Insufficient Hardware Resources:
- Diagnosis: Slow logs appear across many queries and phases, accompanied by high CPU, memory, or I/O utilization metrics on Elasticsearch nodes.
- Fix: Scale up or out your Elasticsearch cluster. This might mean adding more nodes, increasing RAM, or upgrading CPU.
- Why it works: The cluster simply doesn’t have enough processing power or memory bandwidth to handle the workload within acceptable timeframes.
Mapping Issues (e.g., text fields for filtering/aggregations):
- Diagnosis: Queries involving match on text fields are slow, especially when combined with filters or aggregations. Slow logs might highlight the query phase.
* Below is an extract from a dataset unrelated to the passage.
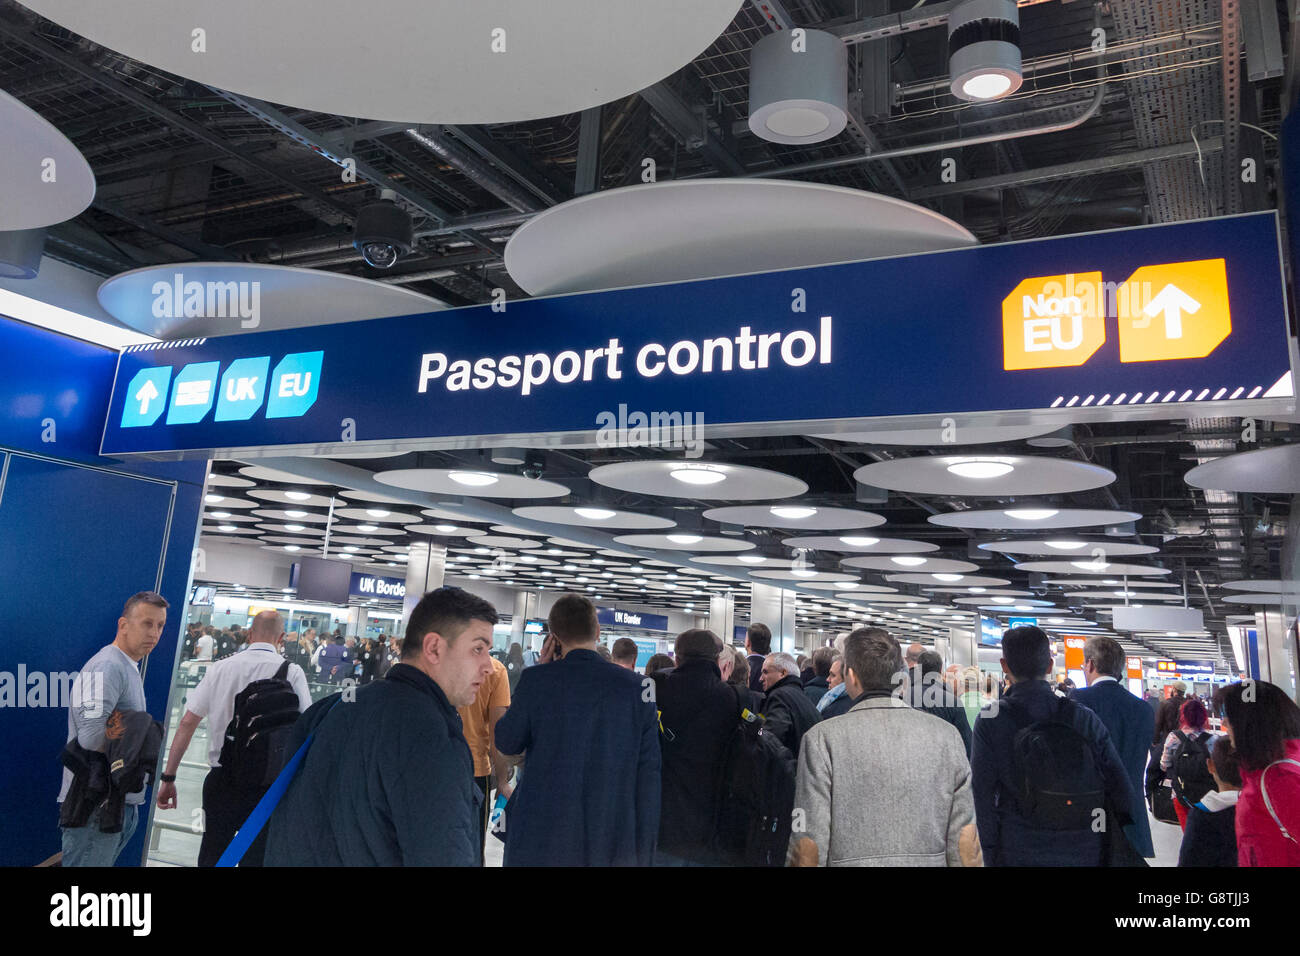 UK border passport control at Heathrow airport, London, England Stock Photo

- Fix: Ensure that fields used for exact matching, filtering, or aggregations are mapped as keyword. For example, if you have a tags field of type text, and you want to filter by exact tag, you should also have a tags.keyword field of type keyword in your mapping and query that. Change your query to {"term": {"tags.keyword": "important"}}.
- Why it works: text fields are analyzed (tokenized, lowercased, etc.), creating an inverted index optimized for full-text search. keyword fields are not analyzed and store exact values, making them efficient for exact matching and aggregations.

After addressing these, the next error you’ll likely encounter is a circuit_breaker_exception if you’ve pushed too much data too quickly, or a too_many_buckets_exception if your aggregation sizes are still too large.